The Biden Administration set the tone this past October with an Executive Order that places much of the federal regulatory burden on the Health and Human Services Department and the Office of the National Coordinator for Health IT (ONC), a position held by Micky Tripathi. HHS then set the schedule with a final order in December that calls for more transparency in AI tools used in clinical setting by the end of the coming year.
While much of the action so far focuses on the technology vendors who are designing AI tools, health system leaders are keeping a close watch on how the federal government will affect their use of the technology. Many health systems are developing and using their own tools and platforms and pledging to maintain ethical standards in any clinical applications.
“We have a culture of responsibility that goes alongside agile innovation,” Ashley Beecy, MD, FACC, medical director of AI operations at NewYork-Presbyterian and an assistant professor of medicine at Weill Cornell Medical College, said in a HealthLeaders interview earlier this year, prior to Biden’s Executive Order. “Health systems have a unique opportunity” to establish their own standards for the proper use of AI.

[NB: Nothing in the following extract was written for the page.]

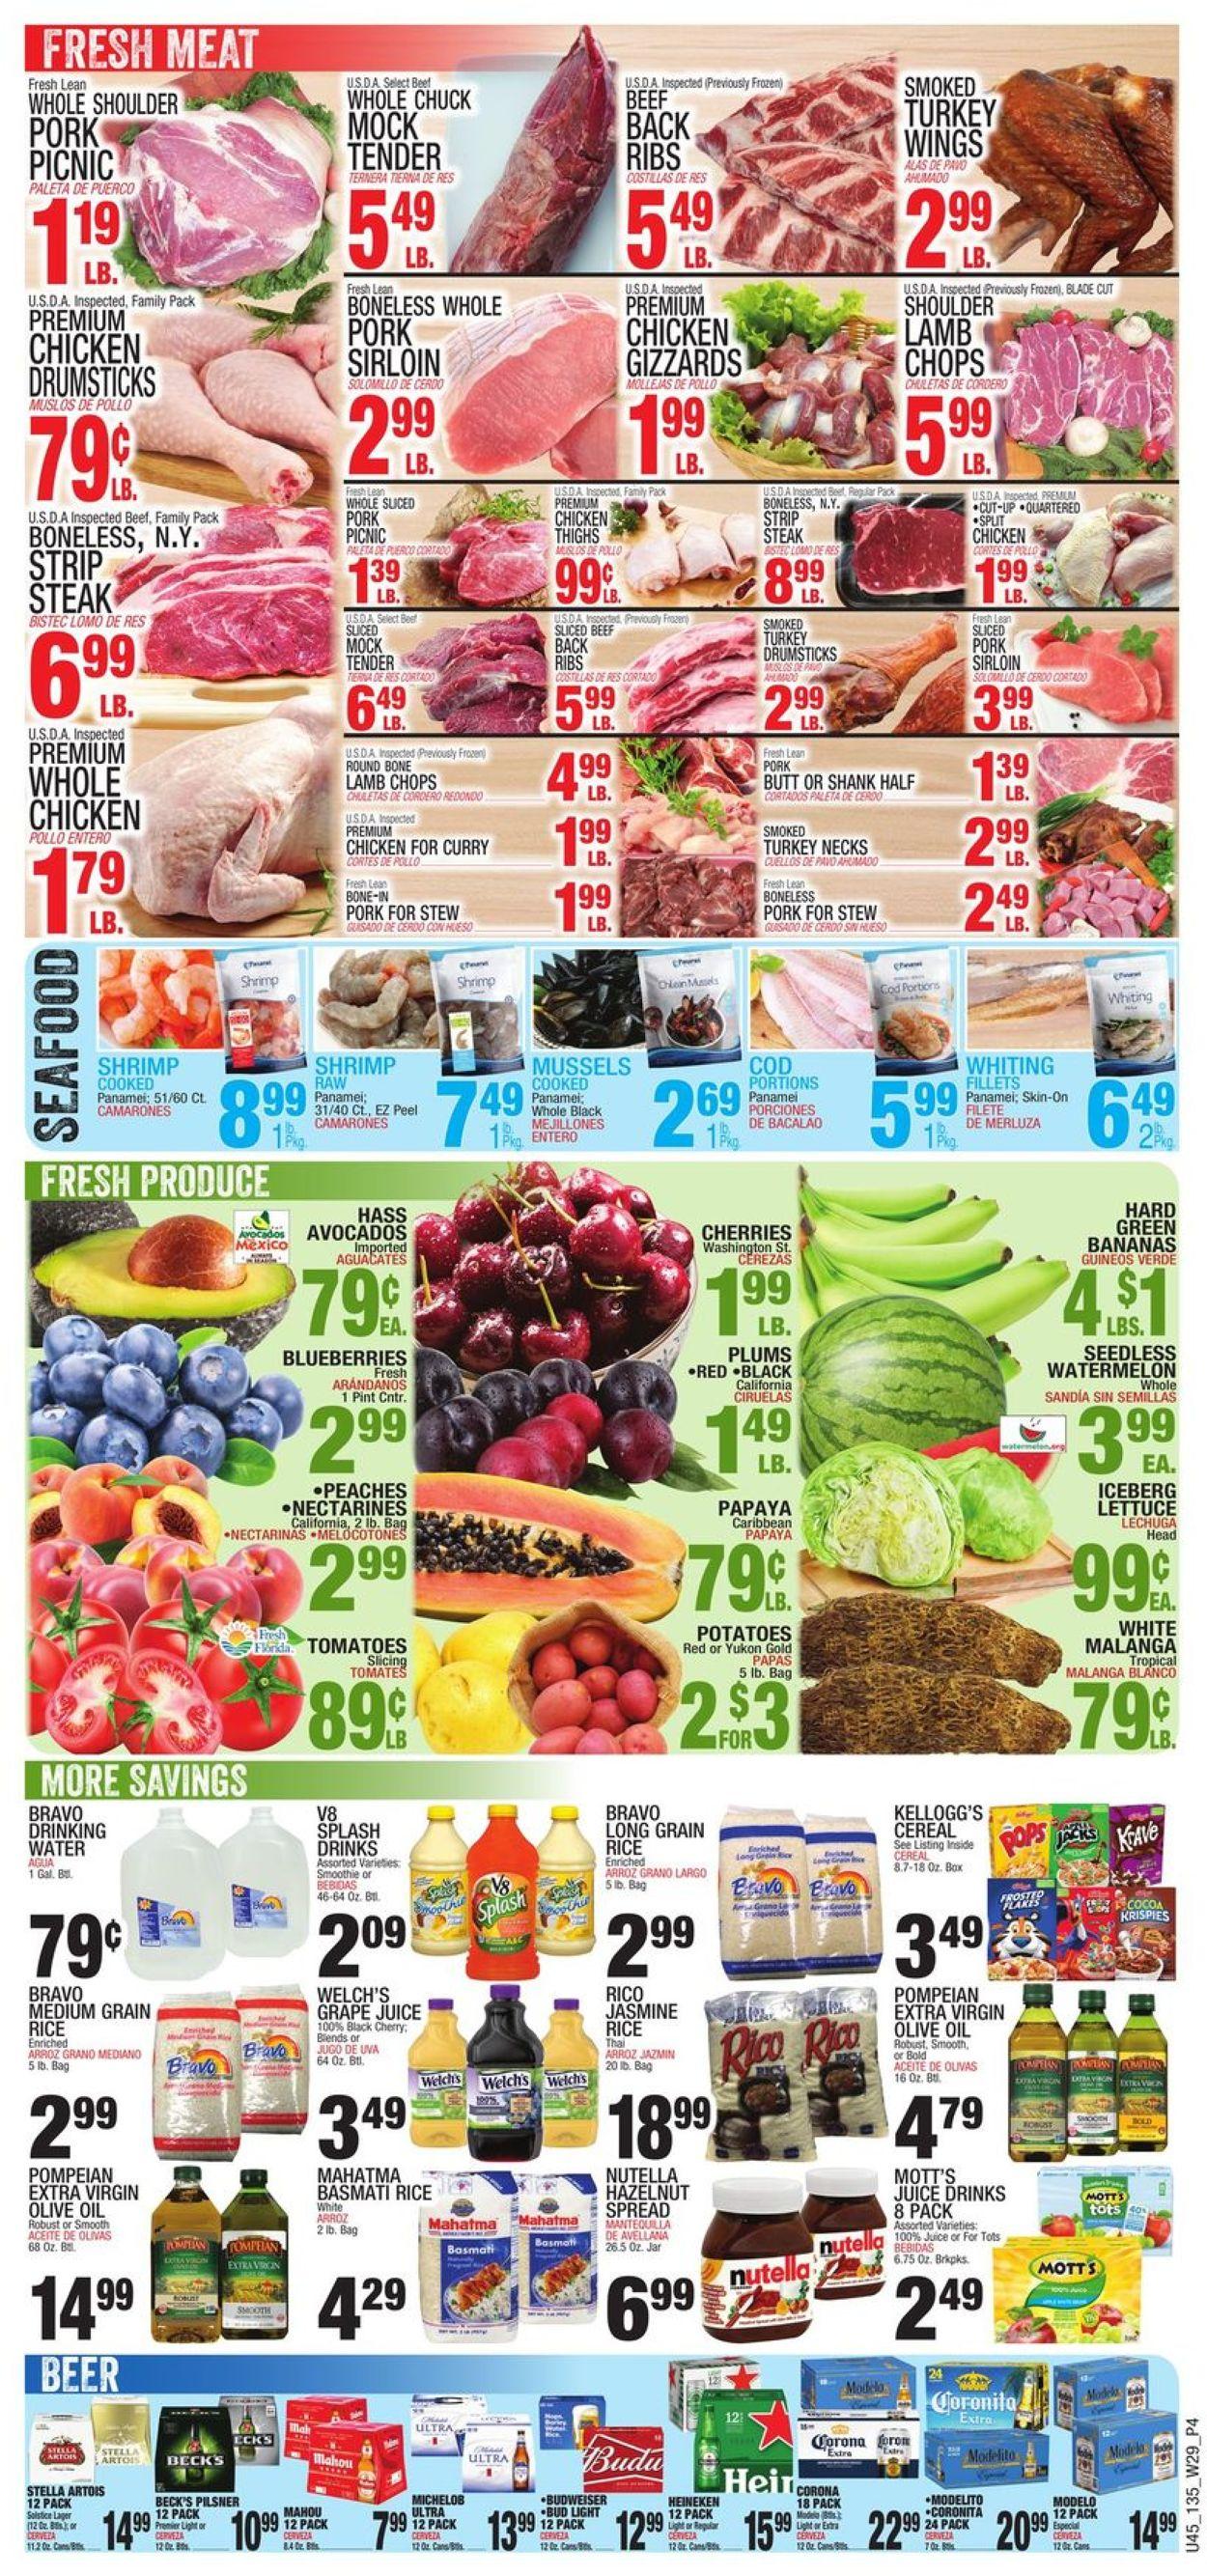 Bravo Supermarkets Weekly Ad Circular - valid 07/15-07/21/2021 (Page 4)

Tarun Kapoor, MD, MBA, senior vice president and chief digital transformation officer at New Jersey-based Virtua Health, says healthcare organizations have the clinical background needed to develop effective and sustainable AI governance. They know how it’s going to be used in healthcare, and can focus on the nuances that federal regulators might miss.
“We have to get a lot better at [regulating AI] because we’re the ones using it,” he says.
Like many health (if not all) health systems using AI these days, Virtua Health has a policy that any AI services have a human being in the loop, meaning no actions are taken on AI-generated content until they’ve been reviewed by at least one flesh-and-blood supervisor. At this stage, when most projects are trained on back-office tasks, that’s a safe bet; but when the technology works its way into clinical decision-making, that additional step may be critical.
“Always put physicians in front of those decisions,” says Siva Namasivayam, CEO for Cohere Health, a Boston-based company that focuses on using AI to improve the prior authorization process. He says the technology should be used to enhance the physician’s role—what he calls “getting to the yes factor—rather than replacing it.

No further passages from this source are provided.